REQUIRED WORK -> With the exception of the pictures, write out the data below precisely.

DATASET CONTENT ->
################
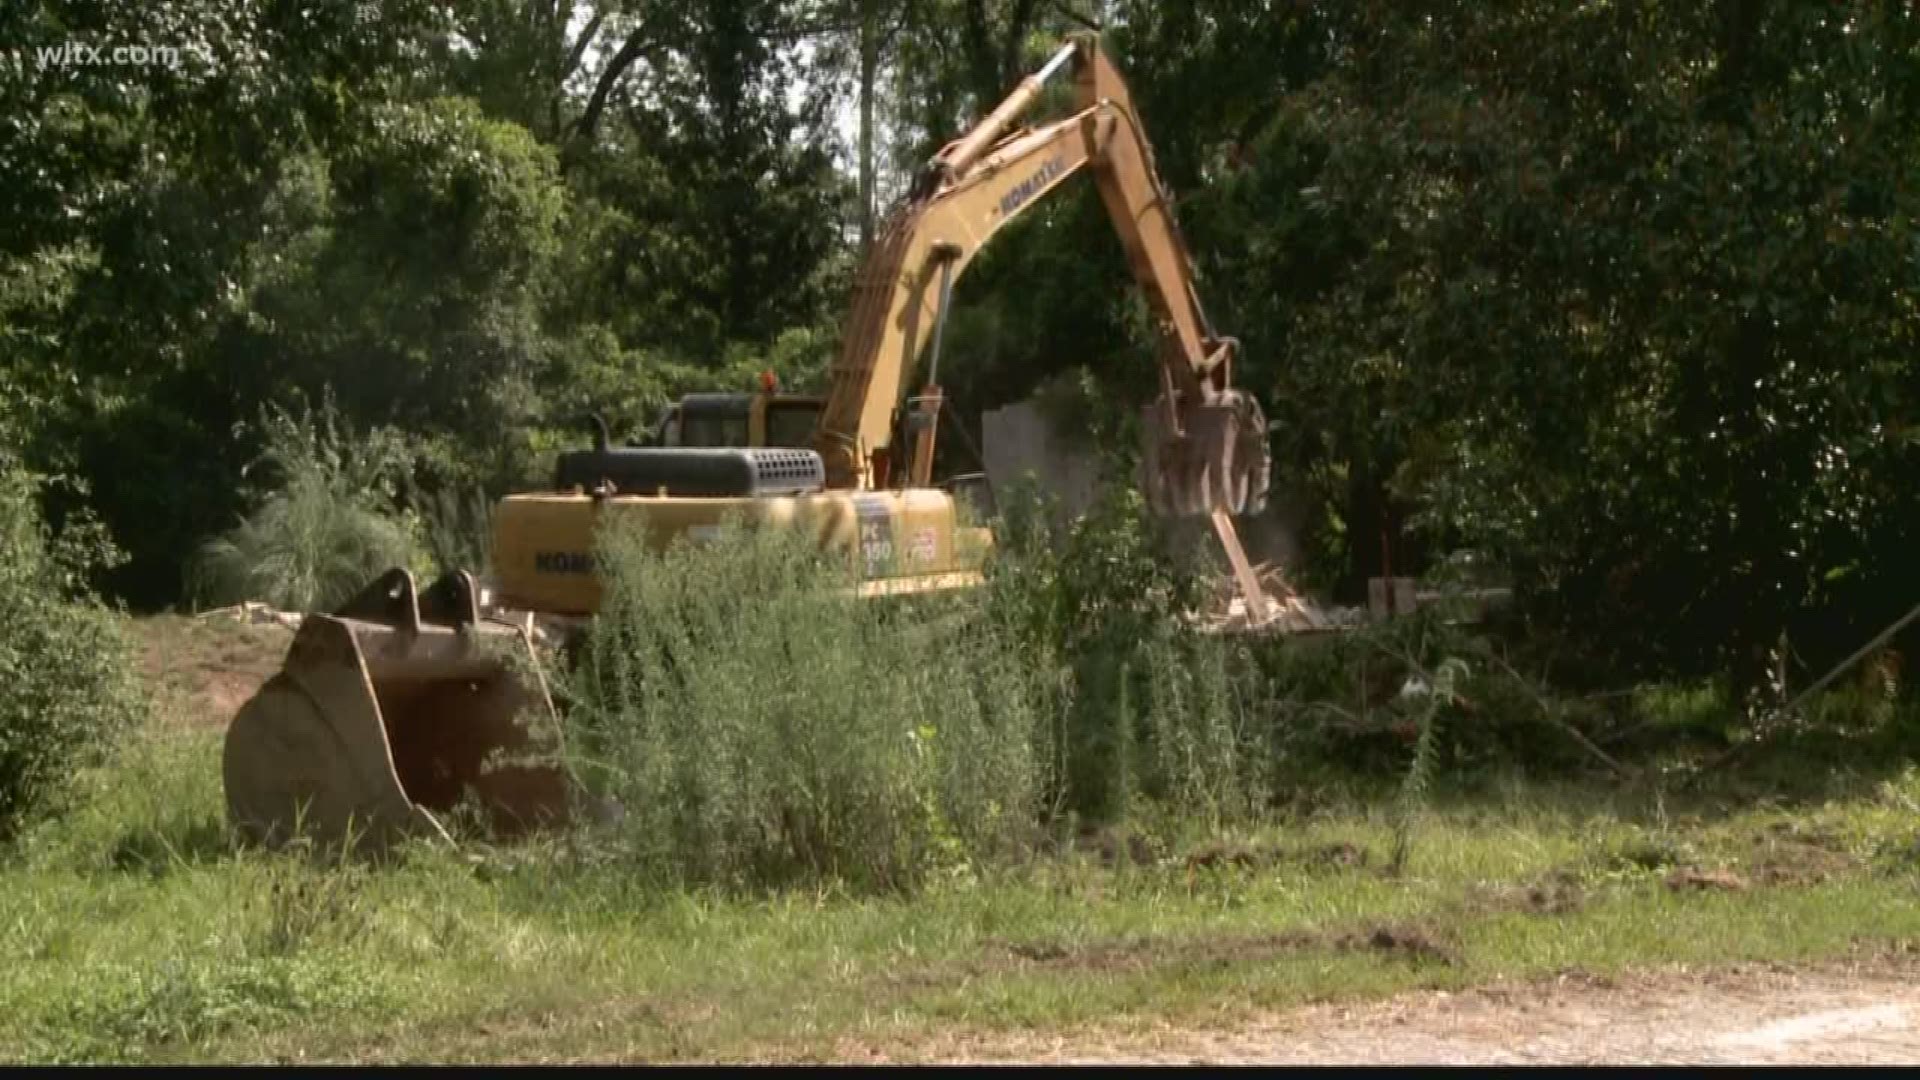 A Columbia neighborhood is getting cleaned up, nearly 4 years later.
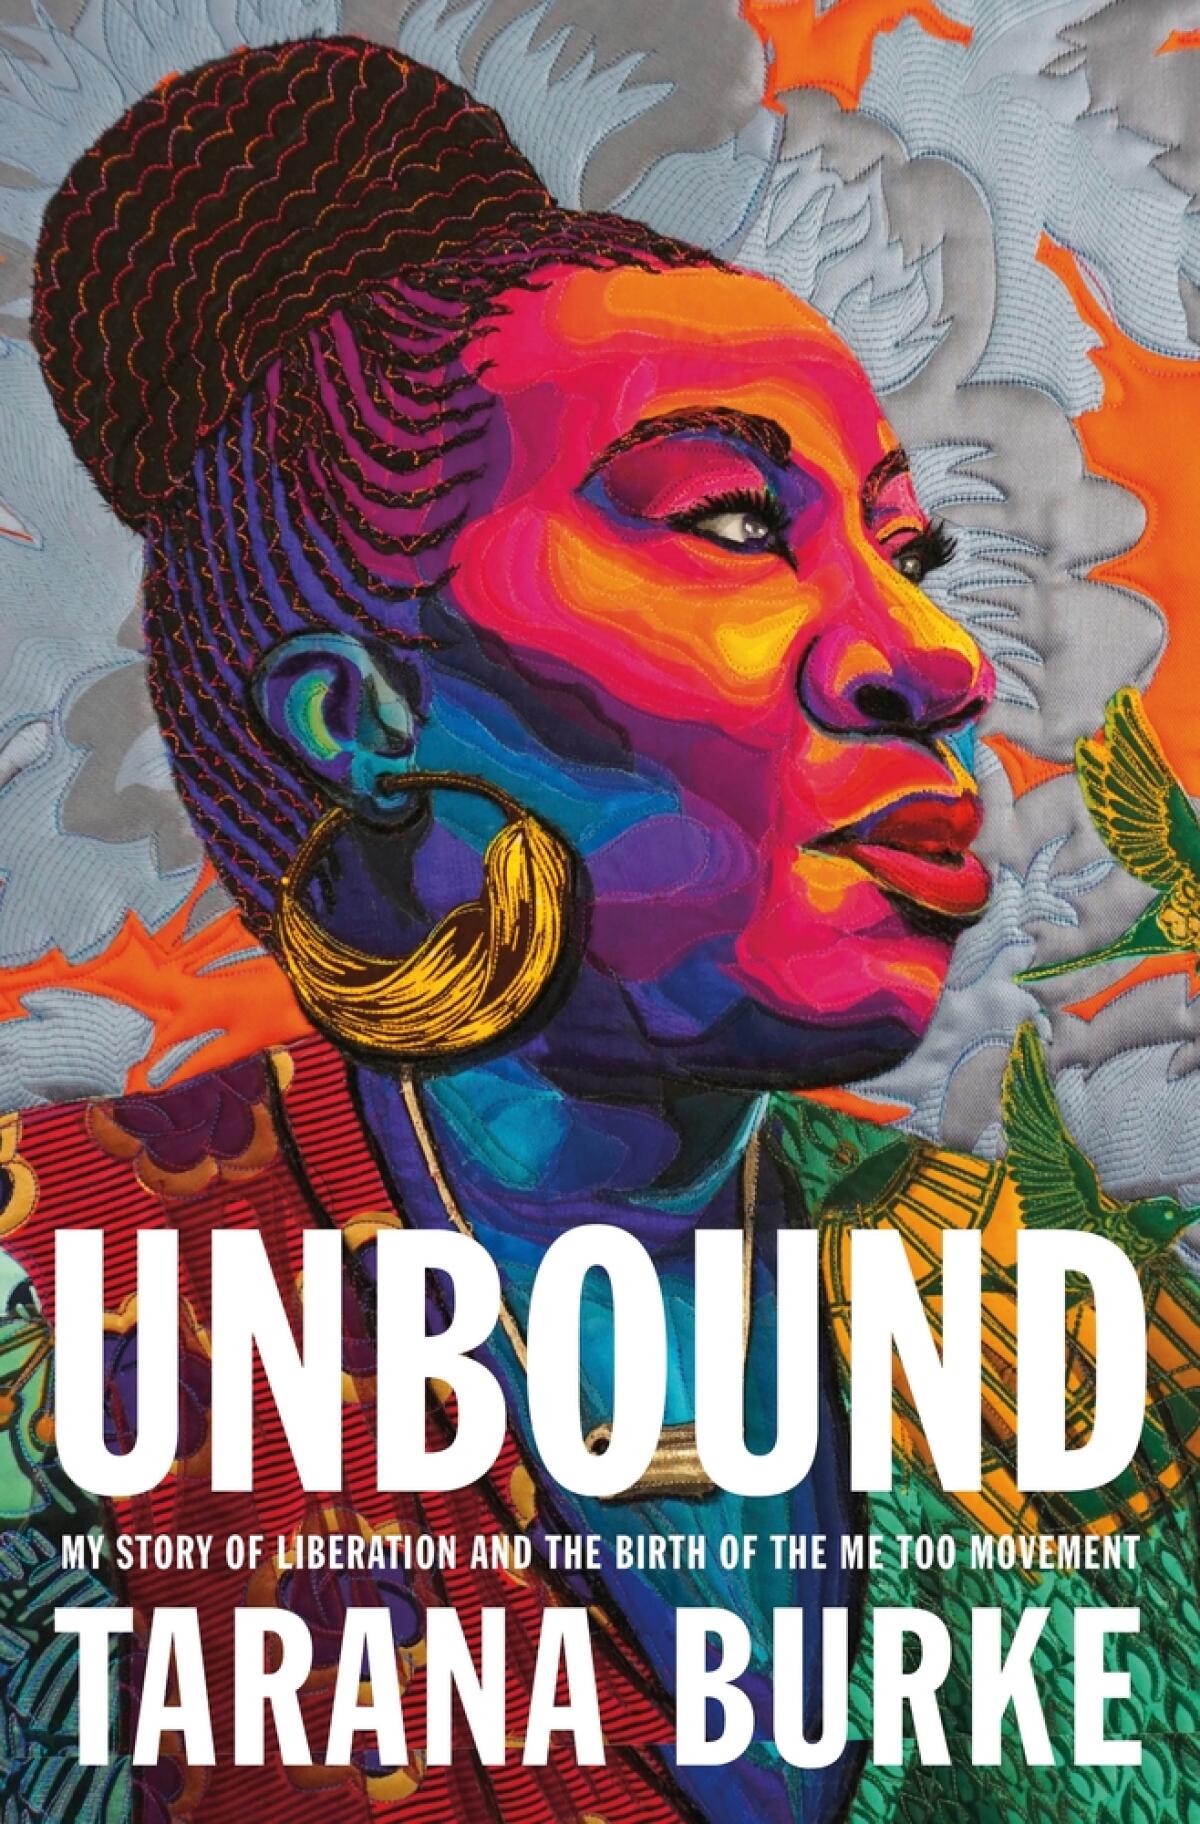 Book jacket for "Unbound: My Story of Liberation and the Birth of the Me Too Movement" by Tarana Burke
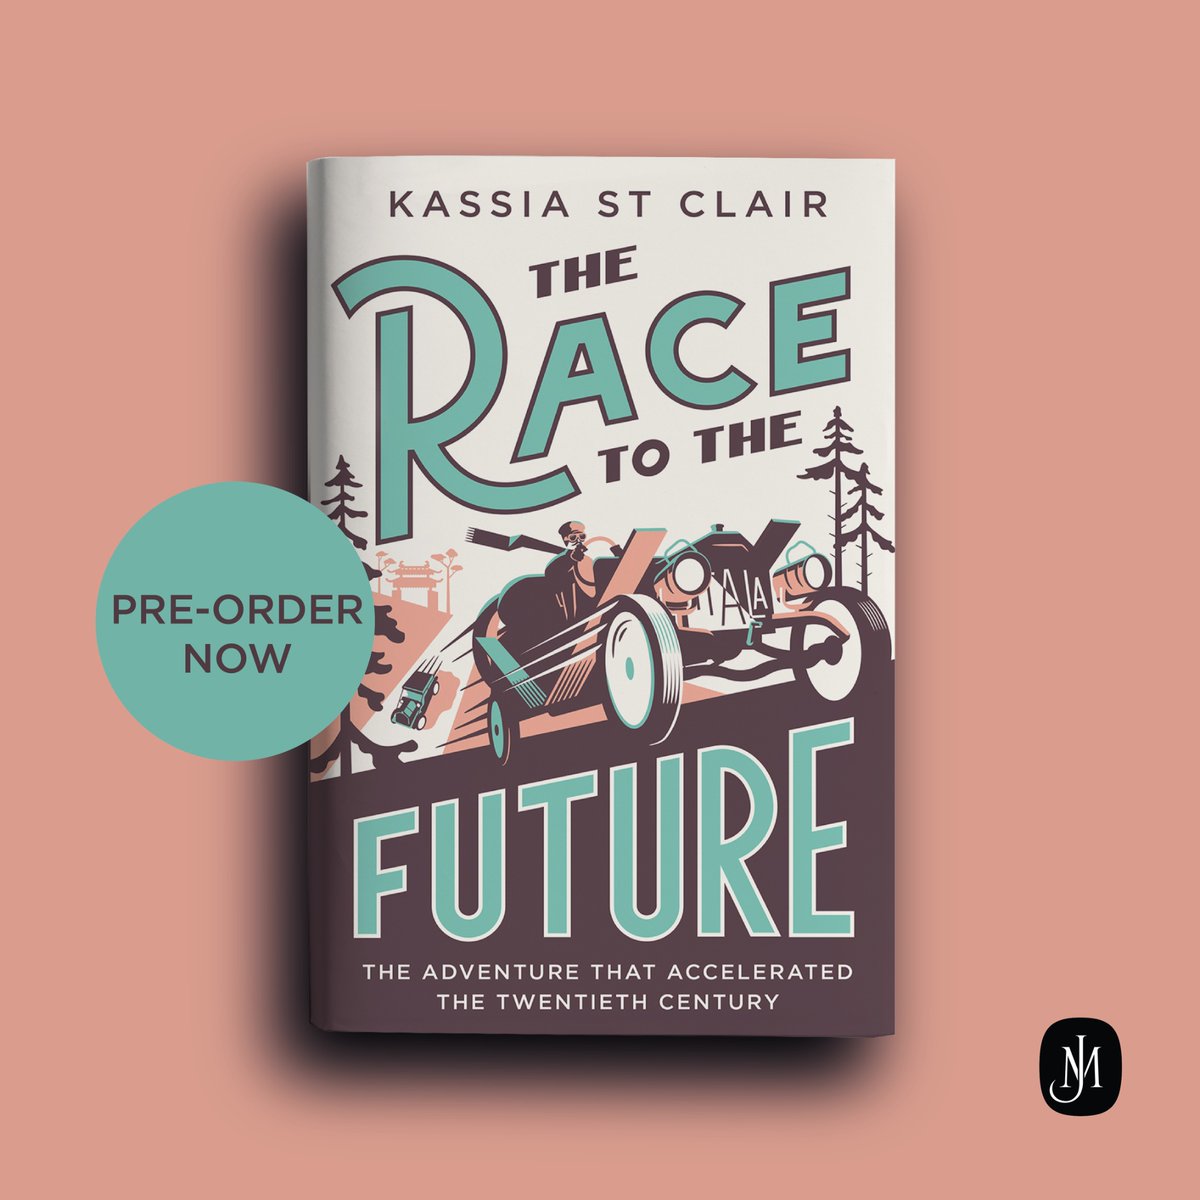 This new book I’ve been working on has a cover that I can finally share with the world. What do you think? I’m hopelessly biased, but I think it’s a thing of beauty 😍
################
EXPECTED ANSWER ->
 A Columbia neighborhood is getting cleaned up, nearly 4 years later.
 Book jacket for "Unbound: My Story of Liberation and the Birth of the Me Too Movement" by Tarana Burke
 This new book I’ve been working on has a cover that I can finally share with the world. What do you think? I’m hopelessly biased, but I think it’s a thing of beauty 😍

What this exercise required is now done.